Although many subgroup findings should not be trusted, there are clues that enable readers to give some credence to subgroup effects. These are summarized in the Table (inspired from published literature15,20,31). Subgroup effects gain credibility when a small number of plausible groups, perhaps identified in previous studies, has been prespecified in a detailed published trial protocol. The direction of the subgroup effect should been specified a priori.31 The larger the difference is between the 2 treatments in particular subgroups, the more plausible it is that the difference is real, provided that the sample size is large enough. When sample sizes are small (such as for patients older than 65 years with ruptured MCA aneurysms in our example), one will see large differences in the apparent effect simply by chance. We are all more ready to believe an interaction if additional internal and external evidence sustains the hypothesis. Readers should look for an interaction consistent across closely related outcomes within the same study (internal confirmation). Evidence from intermediary outcomes (at 1 month, 6 months) is the strongest type. Readers should also look for external evidence: studies of different populations, observation of subgroup differences for similar interventions, and results of studies of intermediary or surrogate outcomes.

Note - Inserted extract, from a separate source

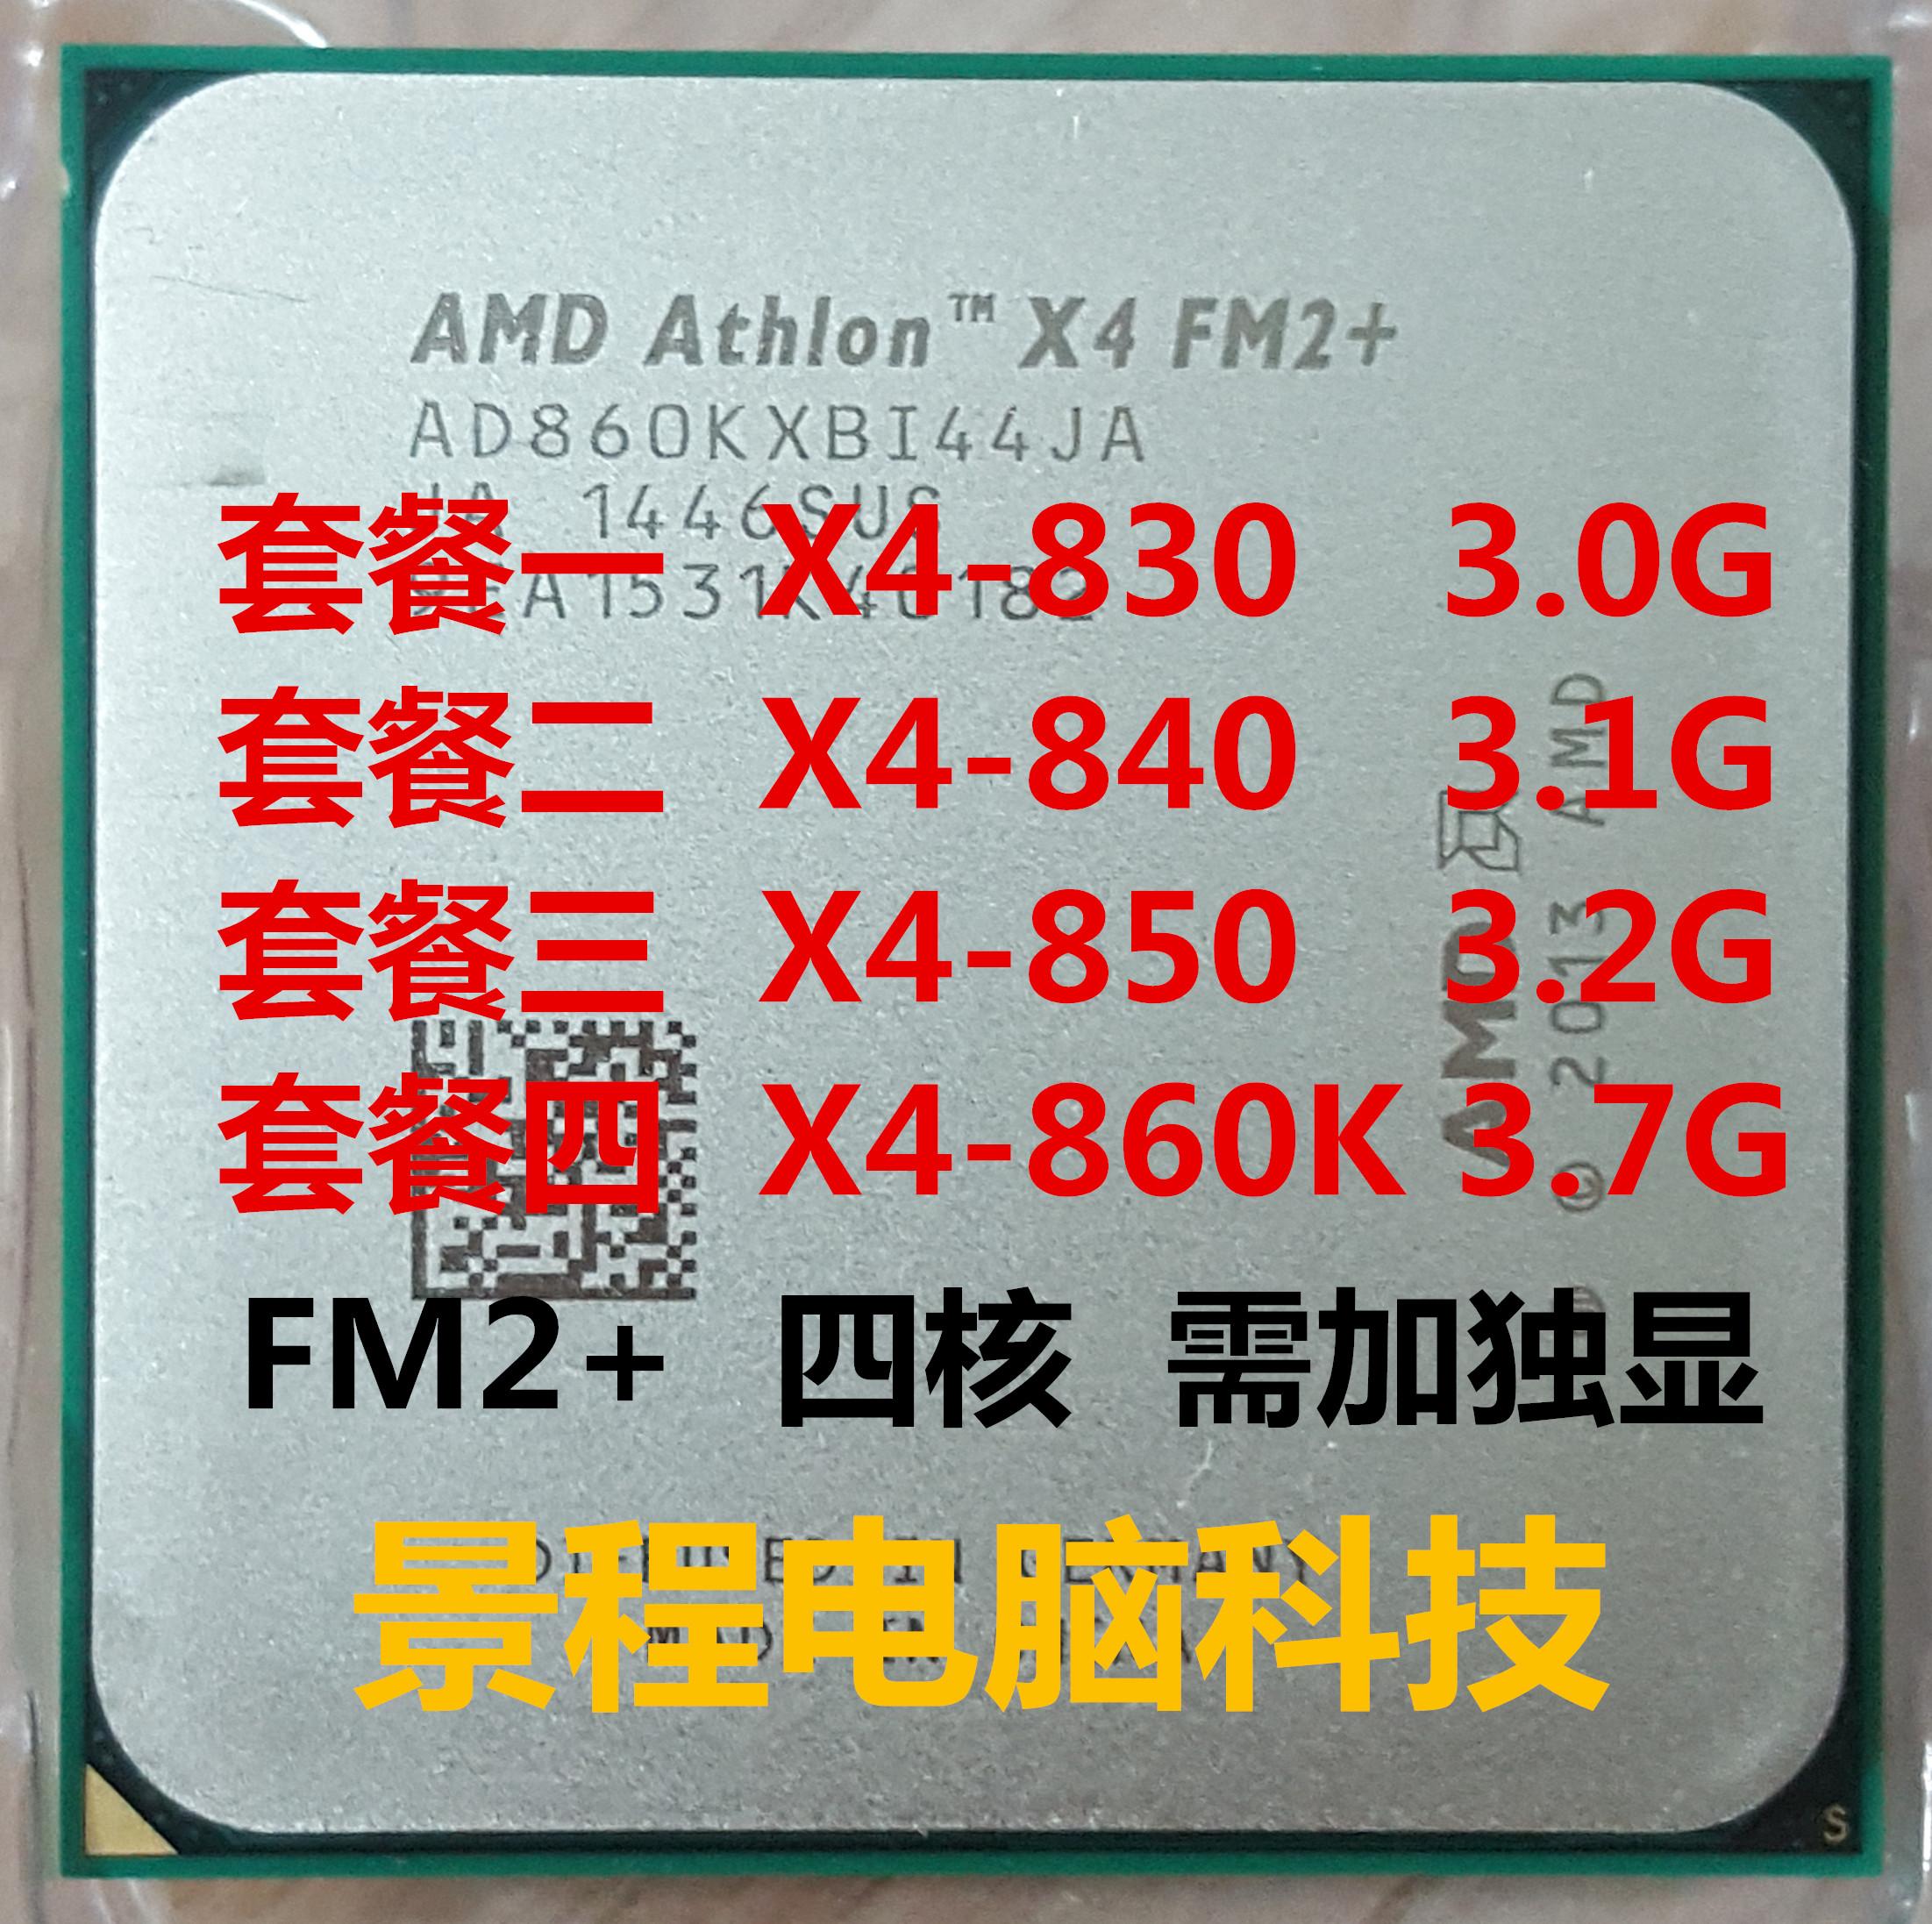 AMD速龙 X4 830 840 850 860k 速龙 四核 台式机CPU FM2+ 无集显

Replication of the subgroup difference in other studies increases the credibility of the finding; and the extent to which a rigorous systematic review of the relevant literature finds such difference, again in the same subgroup, is a good index of credibility.23
How credible is the subgroup finding?
Conclusions
Randomized trials provide the best evidence as to whether a treatment is, in general, beneficial. To use trial results with confidence in the treatment of future patients, we need reassurance that the same treatment benefited a diversity of patients, with varying prognostic factors of clinical interest that might have an impact on the treatment effect. However, if we allow ourselves to explore many ways of grouping patients by using numerous characteristics (and even their combinations), some discrepant heterogeneous “results” can nearly always be found. A prudent interpretation of trial results is to limit findings that will affect clinical decisions to overall treatment effects regarding primary end points that have been carefully planned, powered, and controlled for errors. Hence subgroup findings should generally be considered as just exploratory results. They can be given some credence when they have been limited to a small number of prespecified groups and when effects are large, consistent, duplicated in other studies, and clinically plausible. When subgroup effects are in the opposite direction of the overall results, the most prudent approach is to consider subgroup findings as hypotheses for another trial. Until then, the best estimator of the treatment effect for any subgroup is the overall treatment effect. Because the subgroup effects described by Ryttlefors et al3 meet none of these criteria, their use in clinical decision-making is considered ill-advised.